De Plácido e Silva esclarece que: OMISSÃO deriva do “latim omissio, de omittere (omitir, deixar, abandonar), exprime a ausência de alguma coisa. É, assim, o que não se fez, o que se deixou de fazer, o que foi desprezado ou não foi mencionado. Na linguagem técnico jurídica, a omissão é a inexistência. É um ato negativo ou a ausência do fato. É o silêncio, anotado pela falta de menção. É a lacuna”. OBSCURIDADE vem também “do latim obscuritas, de obscurus (escuro, oculto, encoberto), entende-se literalmente, a qualidade ou caráter de tudo que é escuro, está oculto e não é claro. A obscuridade, pois, é na técnica da linguagem jurídica, a falta de clareza do texto legal ou de qualquer coisa, que deva ser entendida para ser aplicada. A obscuridade, que é a confusão, a dúvida, geradas pela deficiente redação do texto, pela má redação ou por qualquer outro defeito ocorrido na manifestação escrita da regra jurídica, não se identifica com a omissão ou a lacuna da lei.”. Derradeiramente, CONTRADIÇÃO “Derivado do latim contradictio, significa a ação de contradizer, ou de contradizer-se. Pode ser aplicada para indicar a contrariedade oposta às afirmativas de outrem, isto é, um parecer, uma opinião, ou outra qualquer coisa, como significar a própria divergência de opinião tida e havida por uma pessoa. Nesta circunstância, em sentido técnico, tem o vocábulo duas significações: a) A contrariedade oposta por alguém à afirmativa de outrem. É objeção e mais propriamente se diz contradita. b) A divergência anotada em afirmativas feitas sobre o mesmo caso ou sobre a mesma coisa. (...). Em tal circunstância, não significa a refutação que parte de outrem para desfazer a afirmativa feita. É a própria confusão e divergência das asserções, que se indicando contraditórias formulam a contradição.” (SILVA. De Plácido. Vocabulário Jurídico. 30ª Edição. Rio de Janeiro: Editora Forense, 2013, ps. 984, 978 e 374 respectivamente).
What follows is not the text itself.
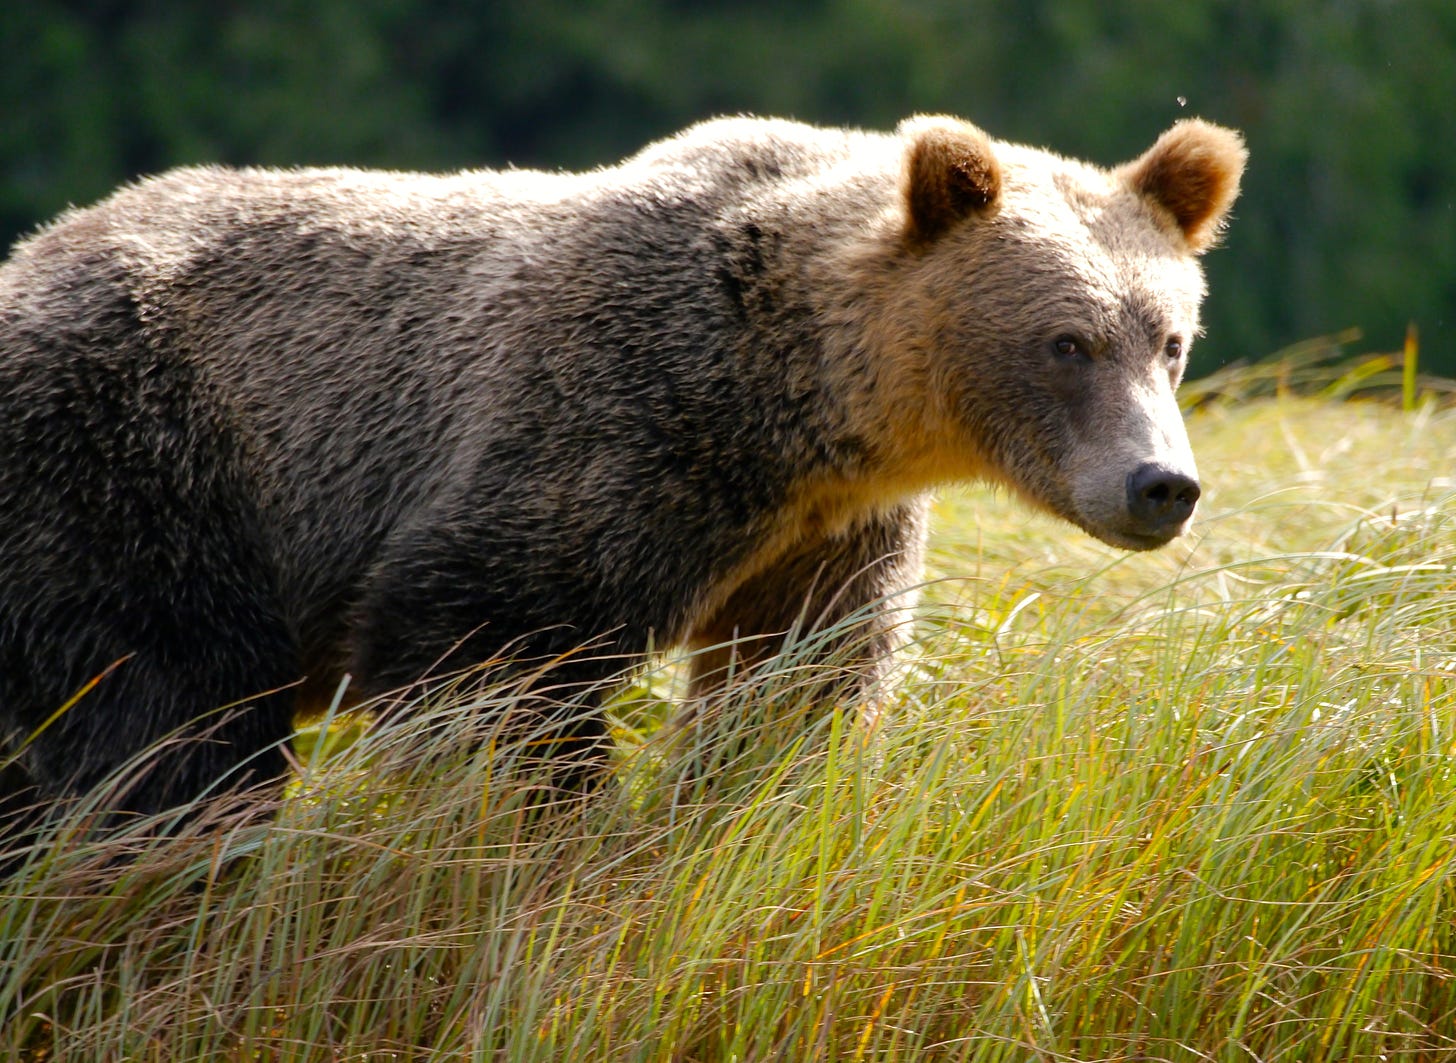 Grizzly bear in field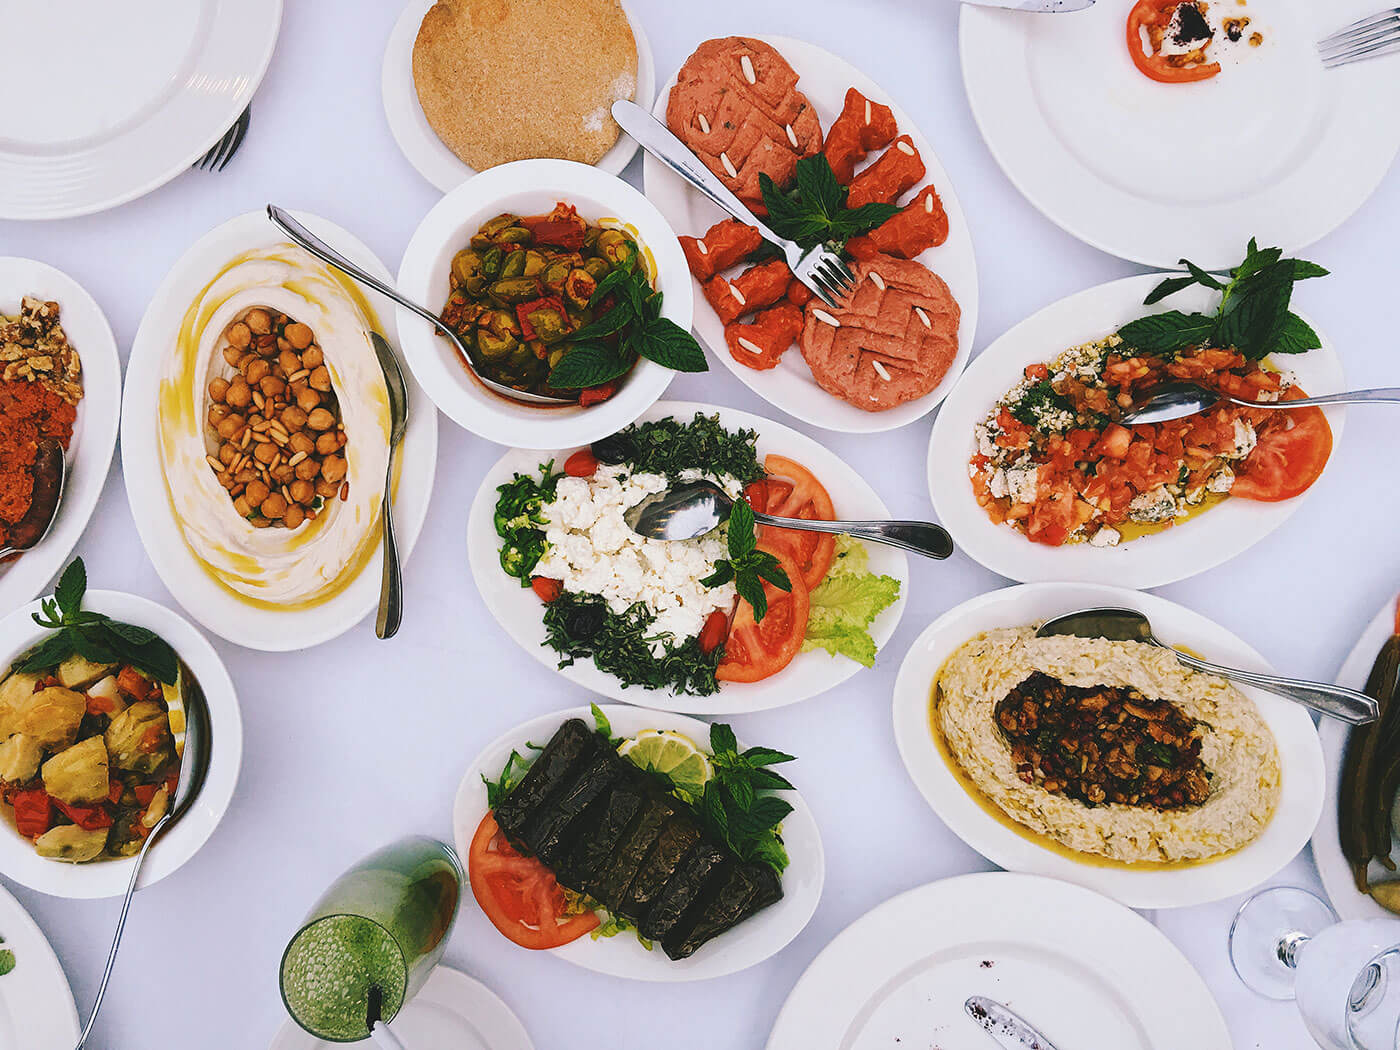 Mezze - aka Arabic tapas, endless array of food at Fakhreldin

Em complemento, Marinoni, Arenhart e Mitidiero destacam que, em caso de ERRO MATERIAL, "cabem embargos de declaração para sanação de erro material, assim entendidos os erros de cálculo e as inexatidões materiais (art. 494, I, CPC). Erro de cálculo consiste no erro aritmético (não se confunde, porém, com o erro quanto a critério de cálculo ou elementos do cálculo, que constituem erros de julgamento a respeito do cálculo). Inexatidão material constitui erro na redação da decisão – e não no julgamento nela exprimido". (MARINONI, Luiz Guilherme; ARENHART, Sérgio Cruz; MITIDIERO, Daniel. Novo código de processo civil comentado. São Paulo: Editora Revista dos Tribunais, 2015, p. 954)
Nunca é demais gizar que os embargos de declaração servem como modalidade recursal de integração e não de substituição, ou seja, cabe ao prolator da decisão embargada apenas e tão somente sanar questões que ficaram omissas, obscuras ou contraditórias ou corrigir erro material.
Ressalta-se, ademais, que o sistema procede, de forma automática, à abertura do prazo padrão de quinze dias, incumbindo ao advogado da parte observar com diligência o prazo efetivamente fixado pelo Relator no acórdão, o qual prevalece sobre a indicação genérica do sistema, em atenção ao dever de cautela profissional e à autoridade da decisão judicial.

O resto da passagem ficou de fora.